UCS local disk policy + some vBlock
I have been reading through all of the VCE vBlock reference documents that were recently published as announced by Chad. The last thing we want is for our implementation to be forked, away from the blessed best practices. [jump to the end for brief comments on the guides, this post is about something else]
In the deployment guide it details various UCS manager policies that should be created, I noticed that it specifies creating a "Local Disk Configuration Policy" set to "No Local Storage". The default is for any configuration.
What the Local Disk Configuration Policy does it configure up the installed disks in your blades as the service profile is deployed to them. Forget going into the BIOS and setting things up, this is virtual hardware and stateless computing people. You just pick a policy, of say RAID Mirror, and when your server profile is applied to the blade it configures the RAID controller automatically. As an aside, you can also have local storage qualifications to even say what size disk you want, so you can deploy your server profile asking it to find a spare blade that matches your requirements.
- Security - To perform stateless computing you are booting from SAN and local disks are usually not required. The only case would be local scratch disk that was transient. You don't want to be writing data to the local storage and then for some reason redeploy your server profile onto another blade, leaving that data behind, bad security move.
- Scrub Policy - Those who know a bit about UCS may say, "Rodos, just create a Scrub Policy". A Scrub Policy scrubs the disk so that a subsequent service profile has clean disks. Problem is that its not effective. Not being one to trust anything I dug into how it scrubs, all it does is overwrite the start of the disk with some zeros, it does not scrub the whole disk with multiple passes. Its a future function to make it a more secure scrub but as it is now I bet you could somehow get at that data.
- Don't think these will do your work for you. They leave more as an "exercise for the reader" than you might think. Its not a design of your system and you are going to have to do some significant work to create a solution. I know, I have just done it.

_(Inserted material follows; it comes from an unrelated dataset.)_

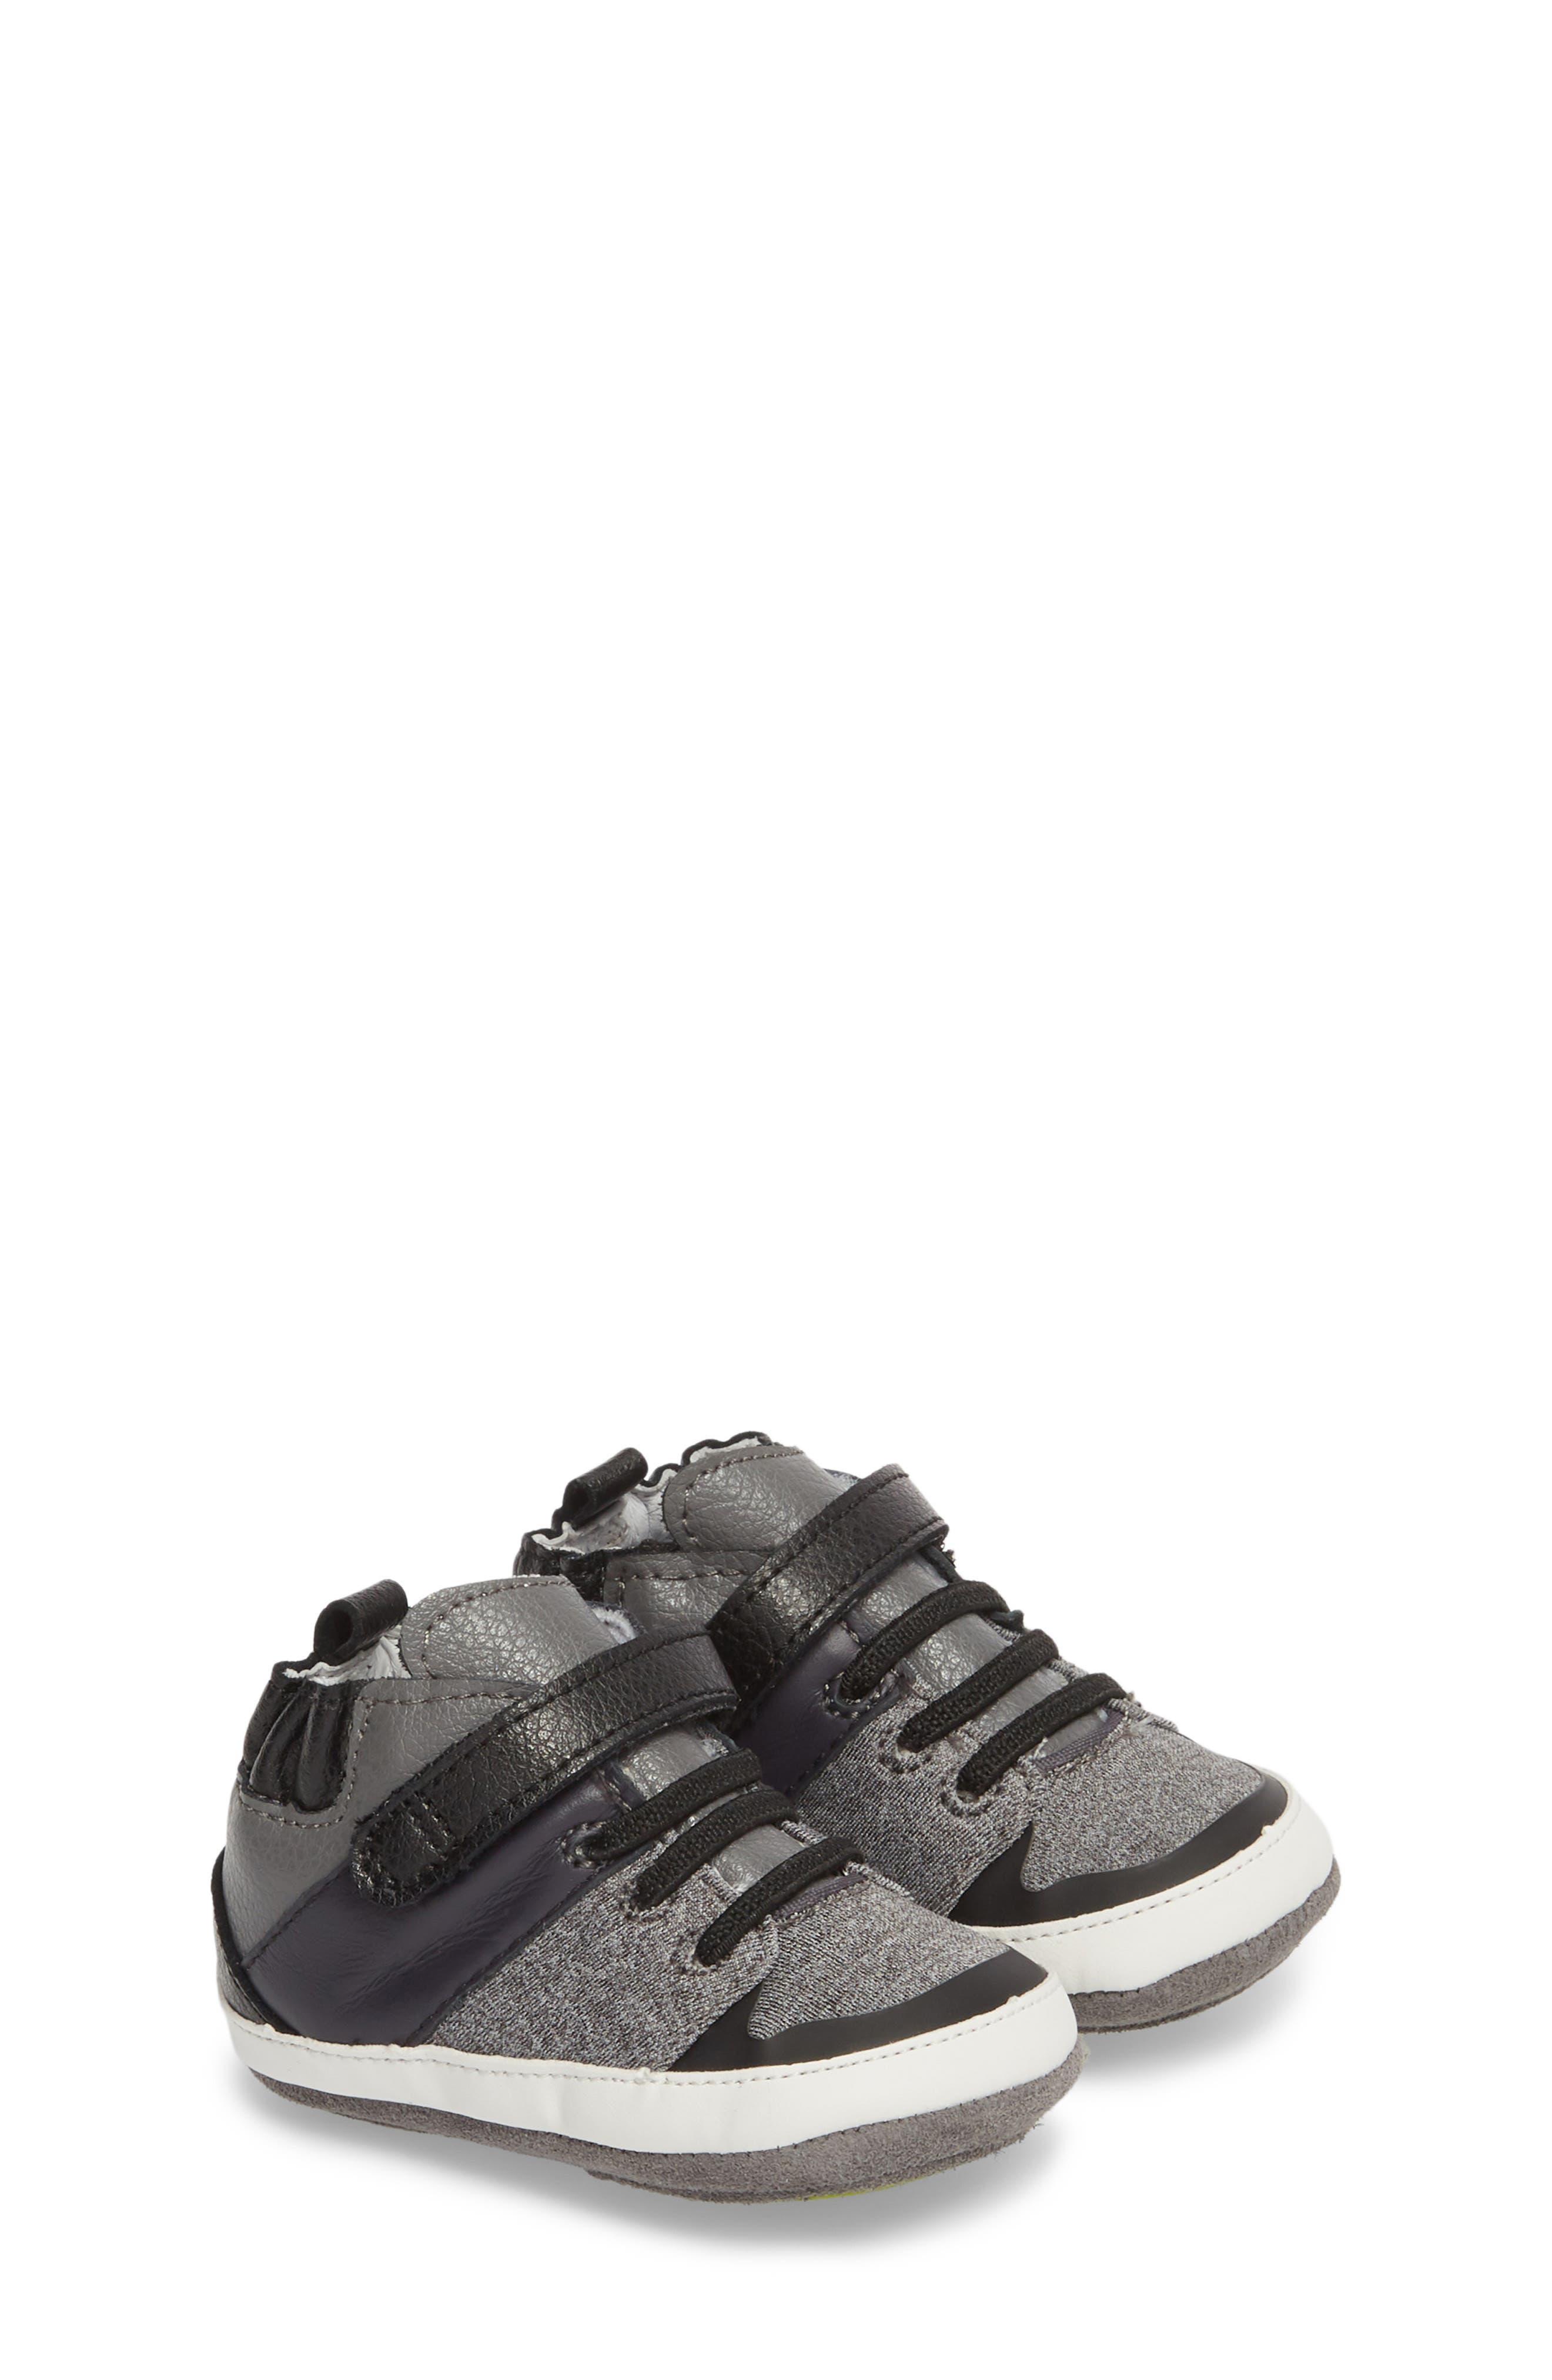 Alternate Image 3  - Robeez® Zachary High Top Crib Sneaker (Baby & Walker)

- There is a lot of detailed information in the deployment guide about UCS and UCSM, very detailed. There is a bit about the EMC storage and a token amount on VMware. Sure it is not a very fare comparison because its easy to describe and detail how to build up the UCS system, whereas in contrast its not like you can describe laying out a VMax in 20 pages. Also the VMax design and implementation service comes with the hardware anyway. The VMware component consists of how to install ESX, not a mention of vCenter Server. Nothing about setting up N1K and its VSMs or PowerPath/VE etc even though they are a requirement of the architecture. Not saying that should be there in detail, but you are not deployed without it and its not even mentioned. Contrast this to the UCS blade details which has every screenshot on how to check the boot from SAN has been assigned correctly in the BIOS.
- My gut feeling is that no one from VMware really contributed to this, it was a Cisco person who did the VMware bits and EMC did theirs.